Dissolution device makes ‘dosage dumping’ a thing of the past, says Agilent

18-Nov-2010 - Last updated on 18-Jul-2013 at 10:53 GMT

Agilent Technologies has launched its 708-DS Dissolution Apparatus, a quality control instrument that can be set up for manual or automated applications to measure the release rate of an API over time.

The dissolution test measures the rate at which active pharmaceutical ingredients (API) dissolve and is a key indicator of the quality of the manufacturing process, says Agilent.

The company claims its device enables scientists to assess batch-to-batch performance, bioequivalency and other characteristics of compounds, maintaining consistent samples throughout the process and allowing global manufacturers to compare batches produced worldwide.

Allan Little, dissolution project manager at Agilent Technologies, told in-PharmaTechnologist the apparatus minimises variability and improves results, He said: “Many external variables could influence the outcome of the dissolution test. Precise centring of each individual dissolution vessel is just one way we have eliminated potential problems.

“The test should reveal information based on the dosage form, not the tester in which it was tested,” he added.

According to Little, dissolution is one of the required tests for each batch of a wide range of pharmaceutical products, with the exception of injectables and aerosols.

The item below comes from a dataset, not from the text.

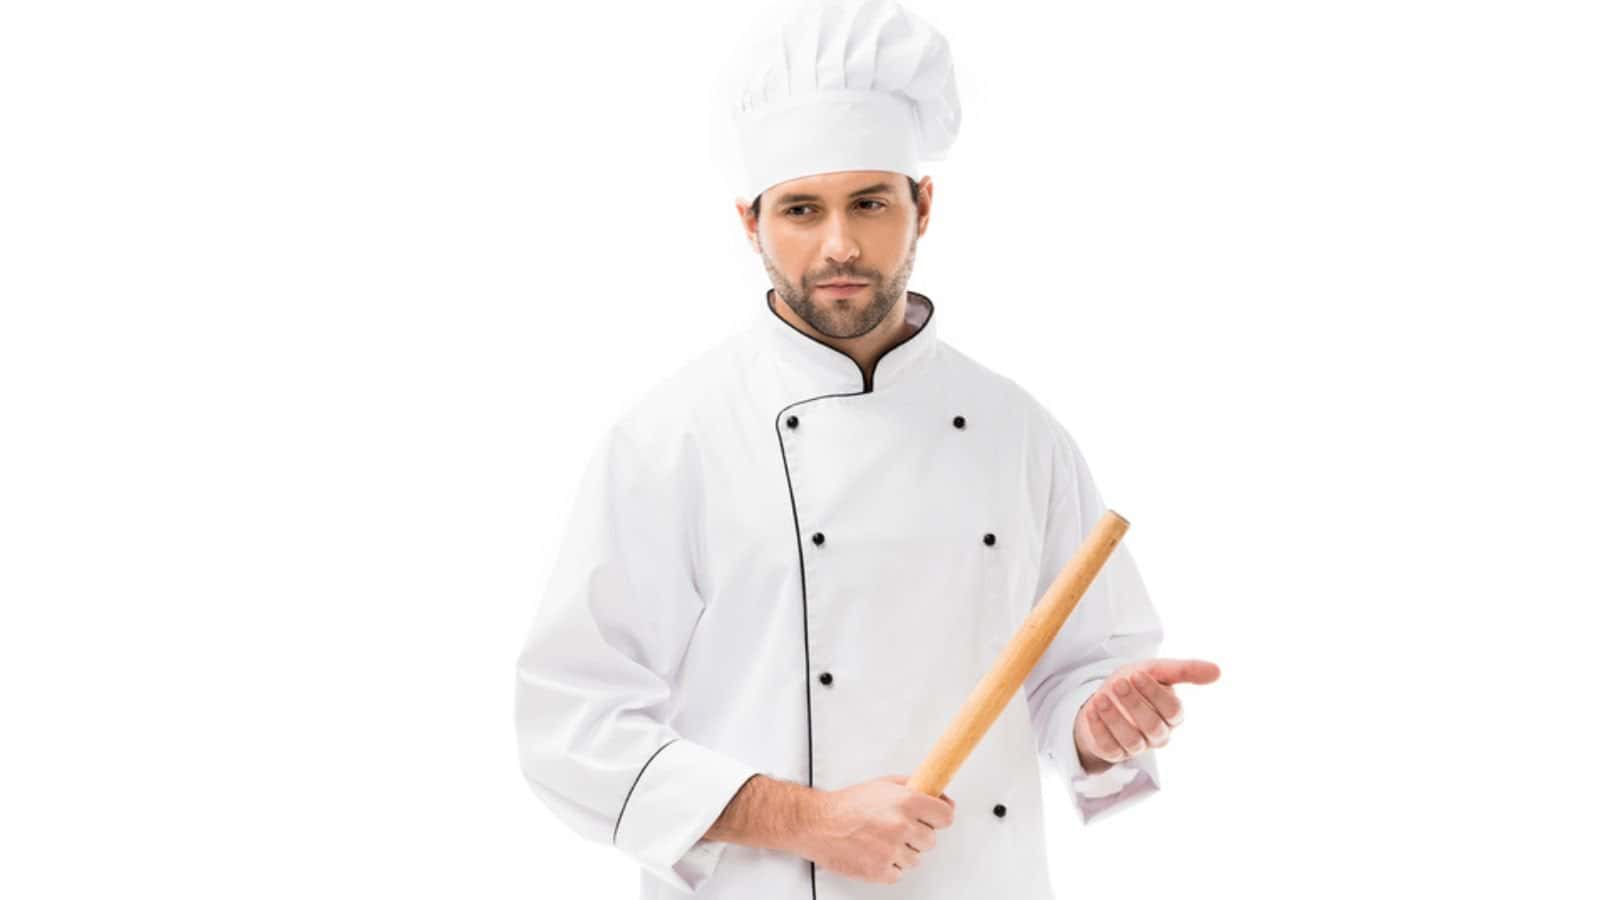 Serious young chef holding rolling pin isolated on white

He said: “It is critical that a sufficient quantity of the API becomes bioavailable at the appropriate time to ensure the proper therapeutic outcome.” Similarly, it is also “important that dosage dumping does not occur,” he added.

Manual and automated models

The 708-DS Dissolution Apparatus is available as a basic manual model and with several automated configurations for high-throughput online sampling and online UV analysis.

Agilent says the platform, which conforms to international pharmacopeia specifications, boasts a range of optional capabilities including dosage dropping, – to automatically start a test – a motorised manifold for sample removal which promises no hydrodynamic disturbances, and temperature monitoring throughout a dissolution run.

As the firm says dissolution is a key test in the quality control (QC) and method development markets within the global pharma industry, it claims the number of tests performed is continuously rising in both market segments.

“The flexibility of the system will allow global companies to standardise on one platform,” said Little, adding “Agilent looks forward to continuing to drive innovation and discovery in the dissolution market.”